1. **Must-fix**: {unchecked errors on critical paths, nil dereference risks, bare type assertions on external data}
2. **Should-fix**: {error wrapping without %w, context misuse, panic in library code}
3. **Consider**: {zero-value documentation, deferred close error handling, race detection in CI}

Operating Constraints

  • No code edits. This skill produces an audit report only. Implementation is a separate step.
  • Scope: invariant enforcement only. Do not flag type design/architecture (→ type-hunter-go), package boundary issues
    (→ boundary-hunter-go), structural complexity (→ simplicity-hunter-go), interface design (→ solid-hunter-go), missing
    documentation (→ doc-hunter-go), security (→ security-hunter-go), test quality (→ test-hunter-go), or cosmetic style
    (→ slop-hunter-go). If a finding doesn't answer "is this invariant enforced?", it doesn't belong here.
  • Evidence required. Every finding must cite file/path.go:line with the exact code.
  • Architecture-first. Understand the project's error handling conventions before flagging violations.

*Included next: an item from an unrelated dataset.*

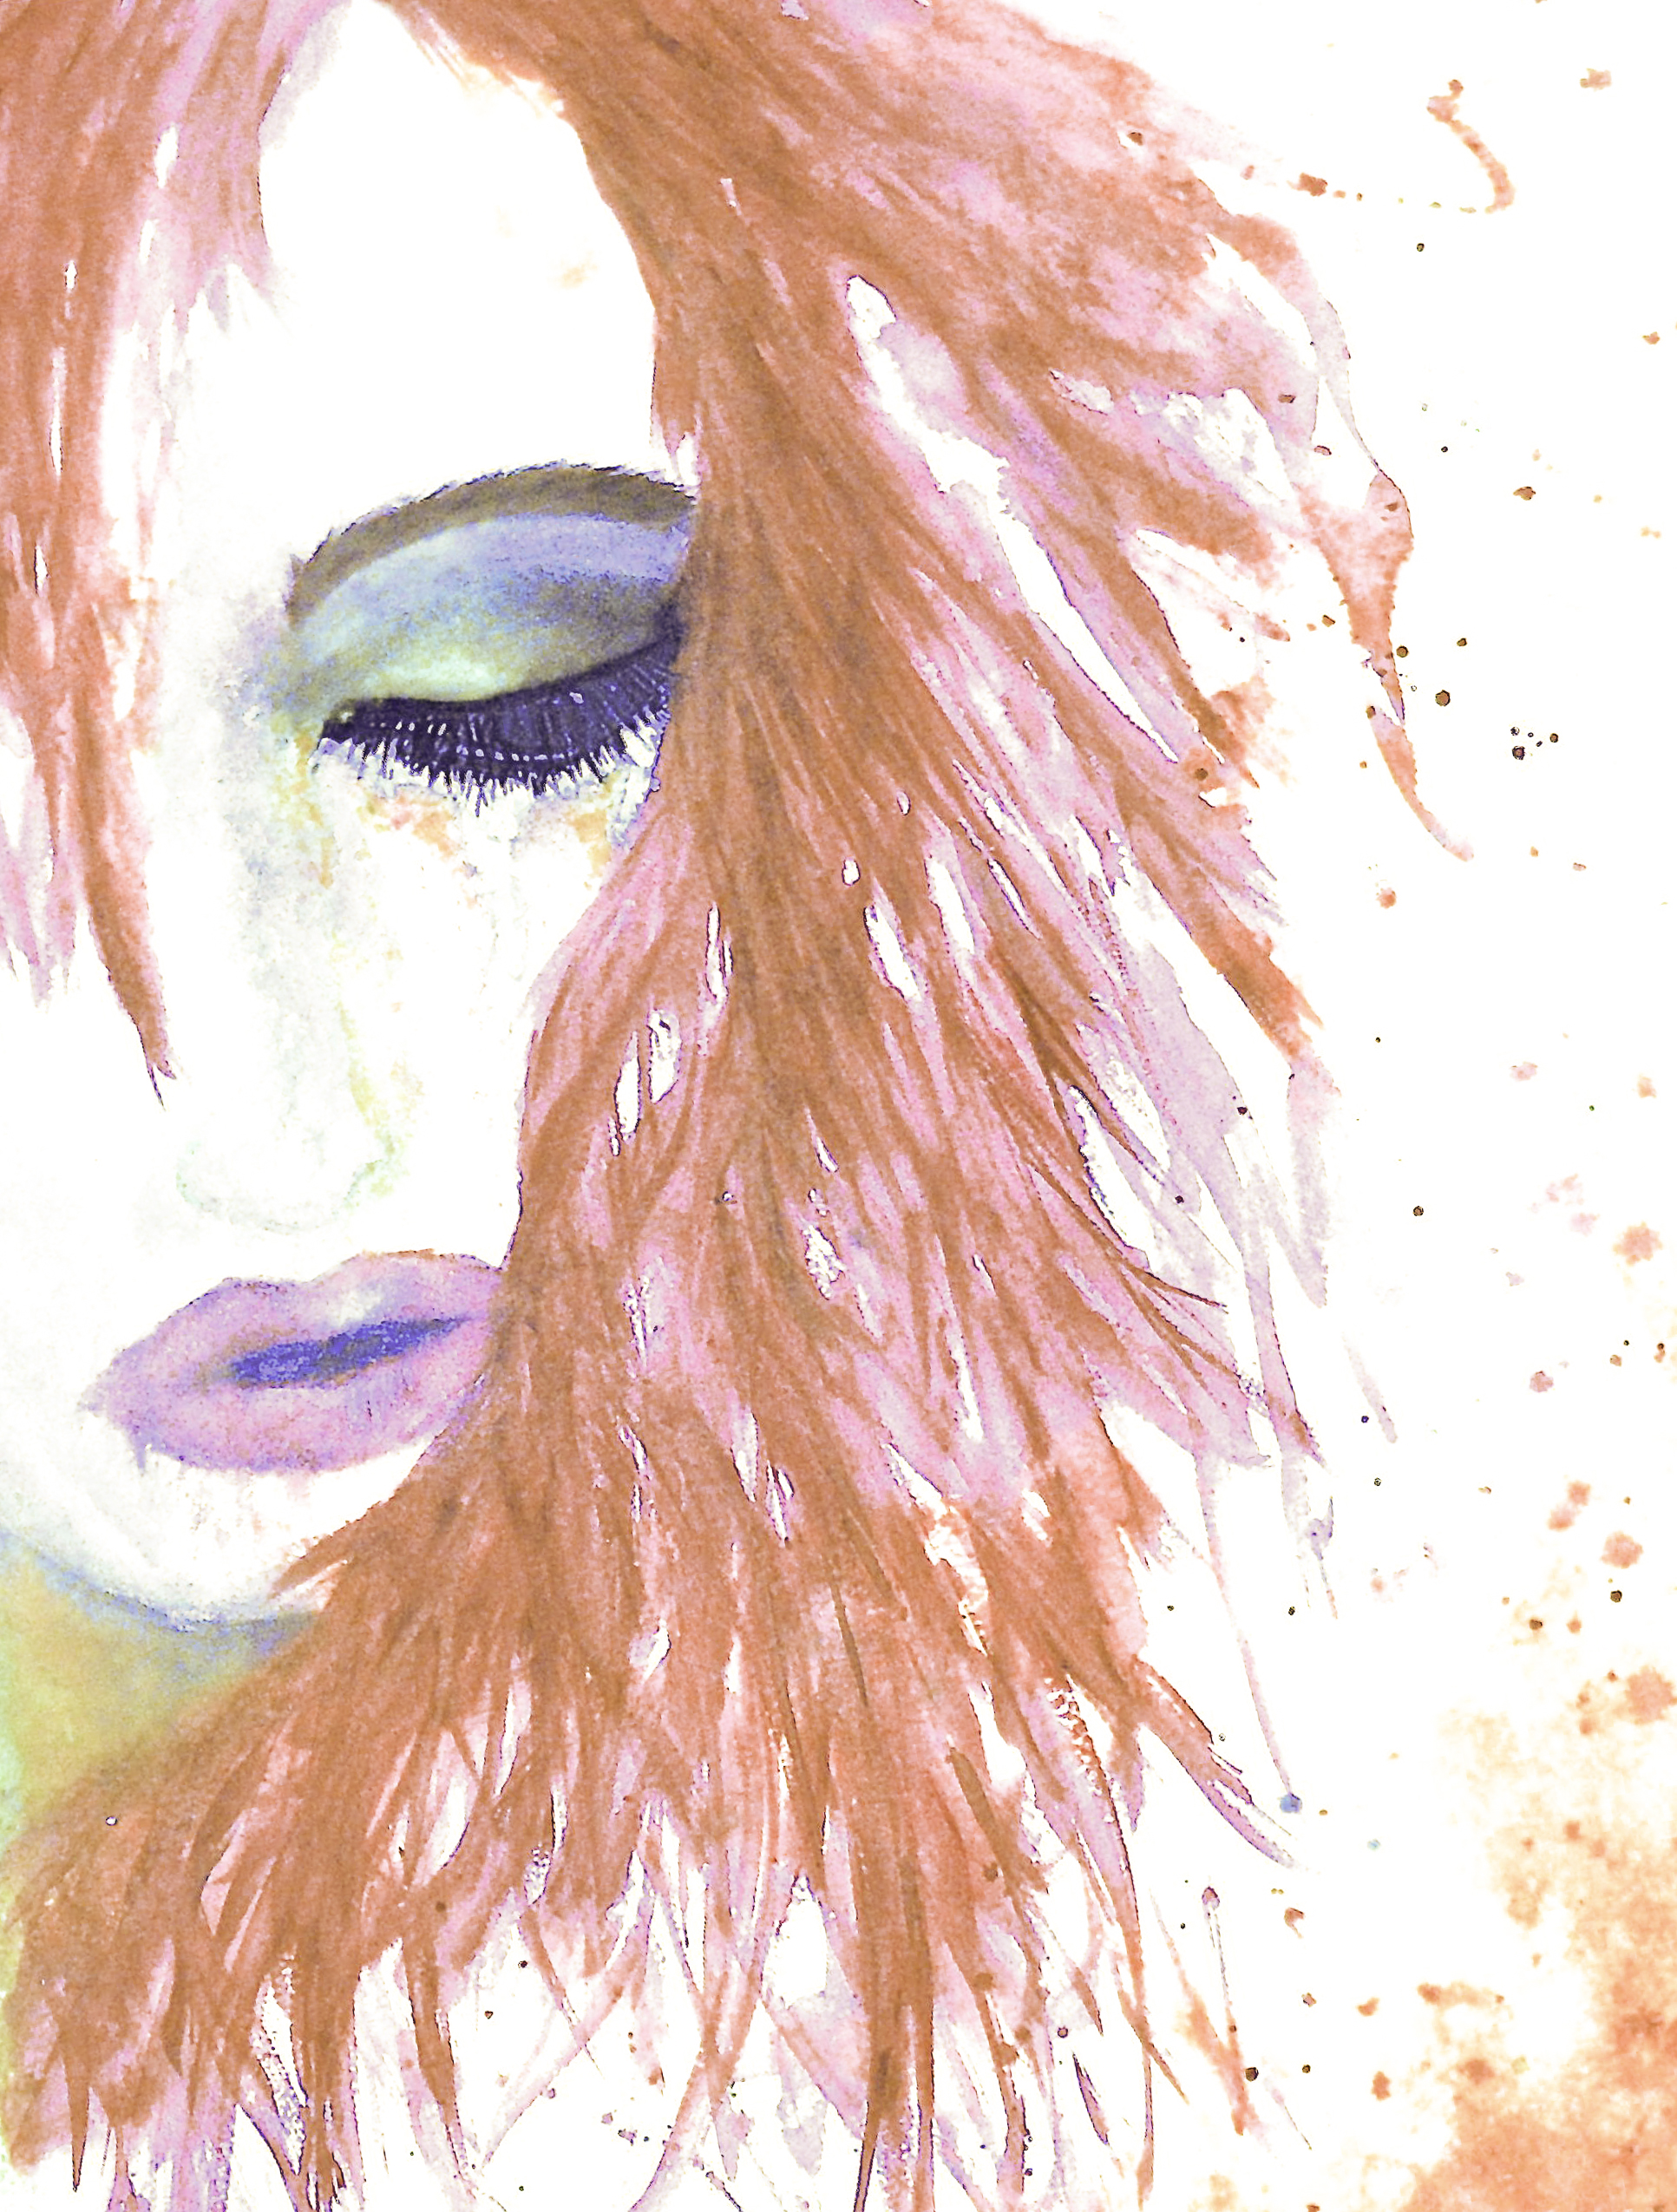 Release-Pink hair-peacock eye 2014-3

  • Complexity honesty. Some invariants are expensive to encode in Go's type system. When recommending a runtime
    check, say so explicitly.
  • Challenge assumptions. If the current approach makes a deliberate trade-off (e.g., panic in must-succeed init),
    acknowledge it rather than mechanically flagging it.
  • Prioritize: unchecked errors > nil dereferences > bare type assertions > zero-value traps > error wrapping >
    context misuse. Fix the crashing bugs first.